Passé ce premier encart, des textes d’ambiances sont à lire directement aux joueurs afin de poser le contexte et les dialogues de certains PNJ apparaissent en gras s’ils ont des interventions à faire dans la partie. Les principaux jets de dés à réaliser sont indiqués aux couleurs des caractéristiques dont ils dépendent et des plans viennent illustrer le tout.

Annexes (8 pages) : Quelques petites choses utiles comme un générateur de traversées, les contrats du Moussaillon et du Capitaine (les feuilles de personnages), un journal de bord du Capitaine (une fiche synthétique de création de traversées), quelques aides de jeu (fond de carte, plan d’auberge…) et enfin, une table chiffrée héritée des livres dont vous êtes le héros pour remplacer les dés en cas de pénurie.
Nous avons donc ici un joli bouquin, fonctionnel et avec des lignes directrices bien marquées, comme la lisibilité (beaucoup de codes couleurs, d’encadrés pour retrouver l’information, une maquette claire et aérée), un univers aisé à prendre en main (la piraterie) et du matériel de jeu pensé pour être facilement acquis (les 10 Traversées vous mettent directement le pied à l’étrier).

Le Fond

Bienvenue sur la Grande Dame Bleue, vaste étendue d’eau salée parsemée de nombreuses îles aux climats et ambiances variées. Comme vous n’aurez pas manqué de le noter, nous sommes ici pour jouer des Pirates… plus exactement, des Petits Pirates. Le jeu s’adresse en effet avant tout aux plus jeunes d’entre nous (de par mon expérience dès 5 ans en tant que joueurs) sous la houlette d’un parent bienveillant. Le système de jeu (très simple) va également dans ce sens, mais nous y reviendrons plus loin.
Pour ce qui est de l’univers du jeu, nous sommes dans une piraterie tout ce qu’il y a de plus aimable, teintée de fantastique, mais toujours de loin, par ouï-dire et légendes interposées.
Pas de magie au programme et s’il devait y en avoir, elle se manifesterait sous la forme de créatures fantastiques, d’apparitions ou autre équipage maudit. Cela renforce l’aspect enfantin, où tout peut être possible, sans pour autant relever d’une justification cherchant à crédibiliser le phénomène.
Les différentes îles et régions de la Grande Dame Bleue sont décrites succinctement, posant à chaque fois une ambiance ou un thème particulier que nos Moussaillons pourront explorer à loisir. Pour ce qui est de la piraterie en elle même, il ne s’agit pas de jouer à Pavillon Noir³ ou de vivre un épisode de Black Sails⁴, mais bel et bien de découvrir des équipages colorés et bon enfant.

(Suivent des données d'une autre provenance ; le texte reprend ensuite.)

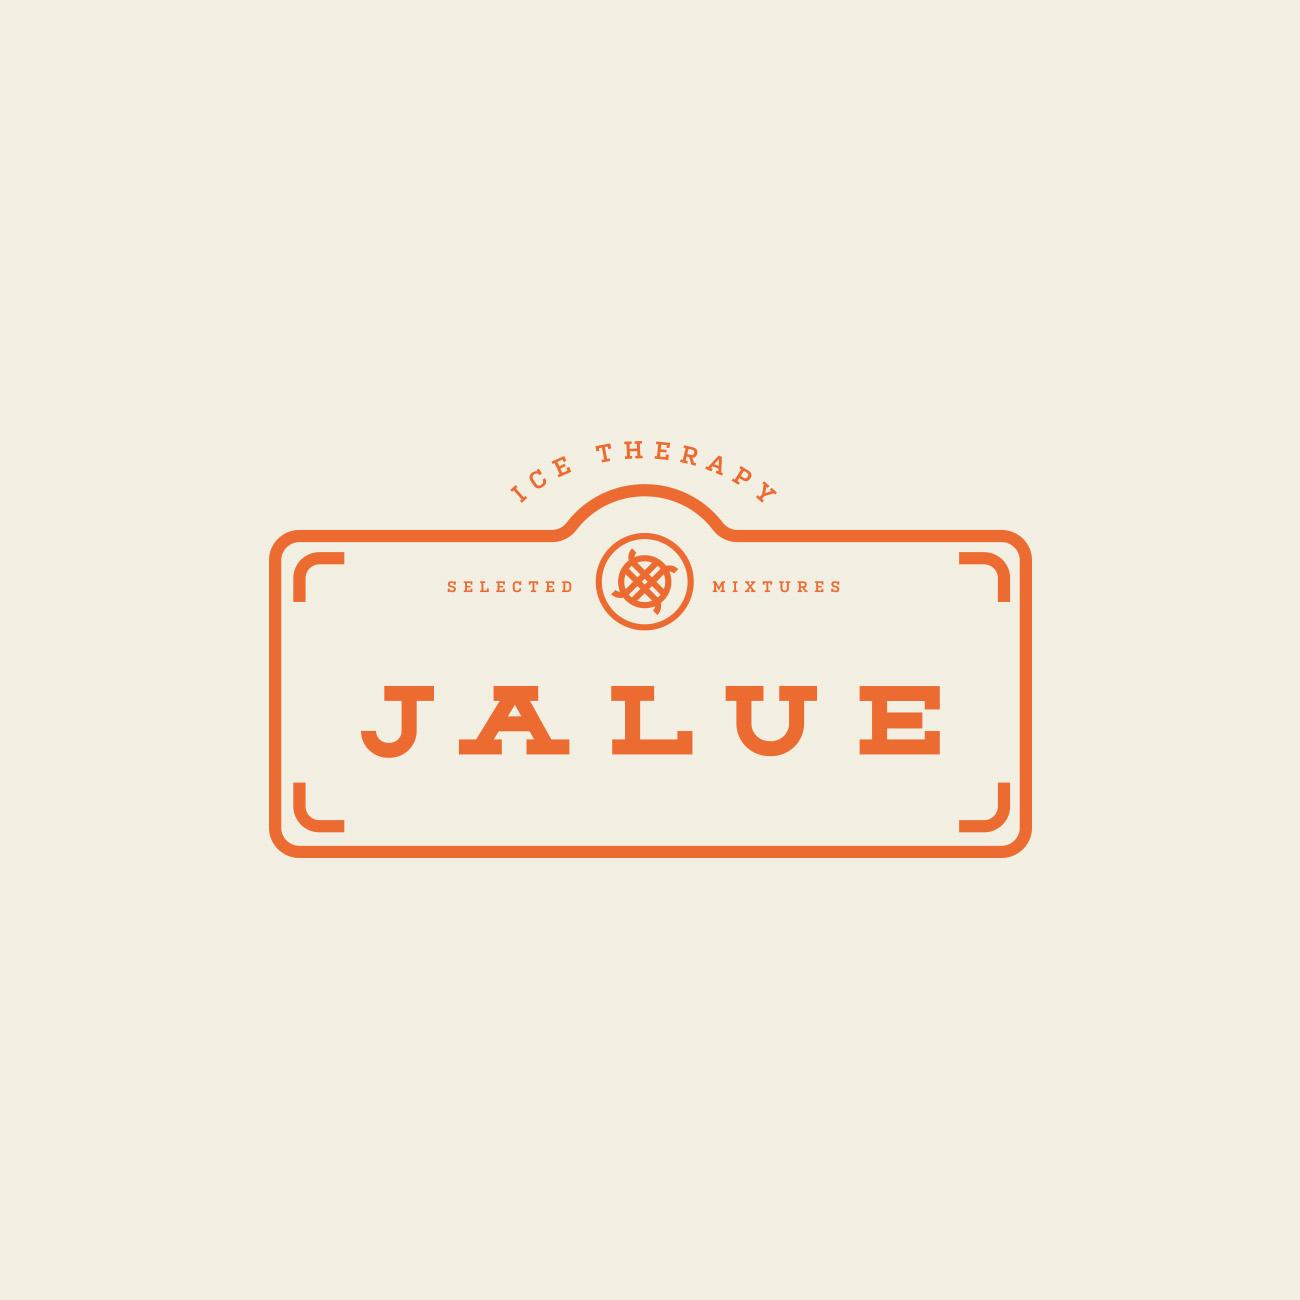 v2_jalue1300_small_1_2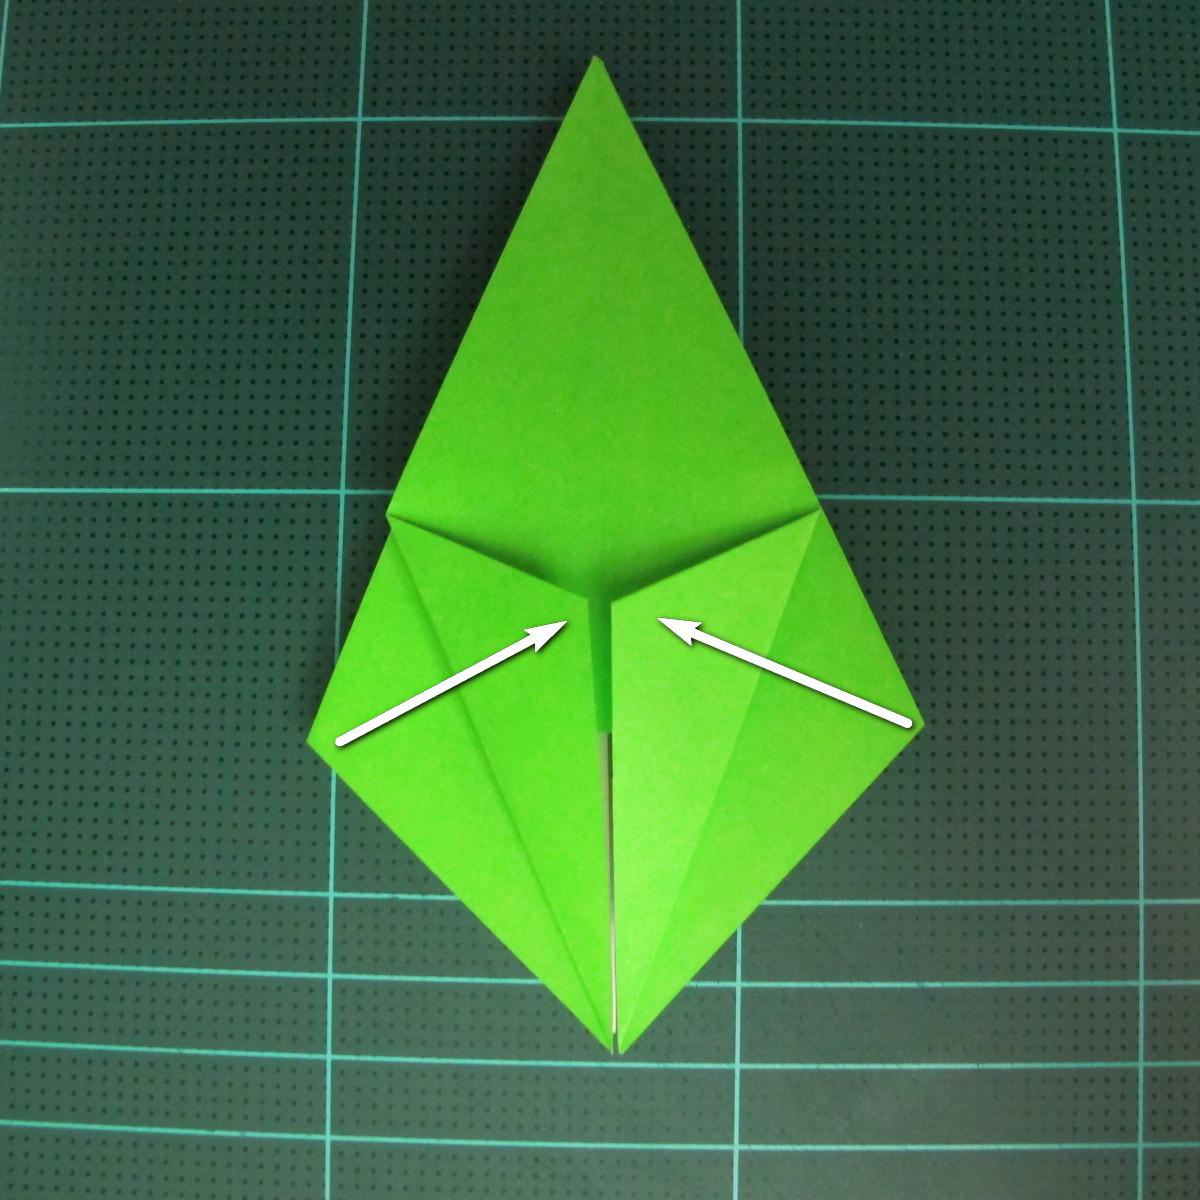 วิธีพับกระดาษเป็นจรวด X-WING สตาร์วอร์ (Origami X-WING) 014

Non non non, vos pirates à vous auront l’air beaucoup plus aimables

A titre d’exemple, l’image d’Epinal du pirate est toujours associée à un crochet ou une jambe de bois… Hé bien dans Petits Pirates, on ne manque pas de nous indiquer qu’il s’agit avant tout d’accessoires utilisés pour renforcer une image de gros durs et que le soir venu, au moment de rejoindre son hamac, l’estropié retire sa « fausse prothèse » et secoue ses petits doigts pour en chasser les fourmis avant d’enquiller sur une nouvelle journée.
Tout ici est très positif et totalement en adéquation avec l’Imaginaire qu’un enfant de 5 à 10 ans peut déployer.
Pour ce qui est de cet imaginaire, il sera stimulé tout au long des 10 traversées proposées qui, mises bout à bout, permettront de développer une véritable saga à l’intention de vos chères têtes blondes (ou pas d’ailleurs).

Les Règles

Aborder les règles de Petits Pirates dans cette présentation n’est pas simple… je risque d’en écrire plus qu’il n’en n’est dit dans le livre.
C’est très épuré et pensé pour les plus petits.
Les Moussaillons sont définis par trois caractéristiques :
Coco, pour tout ce qui relève de l’intellect et du social
Musclo, pour l’activité physique, qu’il s’agisse de porter des choses, nager ou faire des cascades
Bricolo, concernant l’inventivité, la réparation, la pose de pièges…
Ces trois caractéristiques sont échelonnées de -3 à +3 et ces valeurs correspondent à un modificateur à ajouter/soustraire au résultat du jet d’un D8, contre une difficulté allant de 2 (facile) à 12 (improbable).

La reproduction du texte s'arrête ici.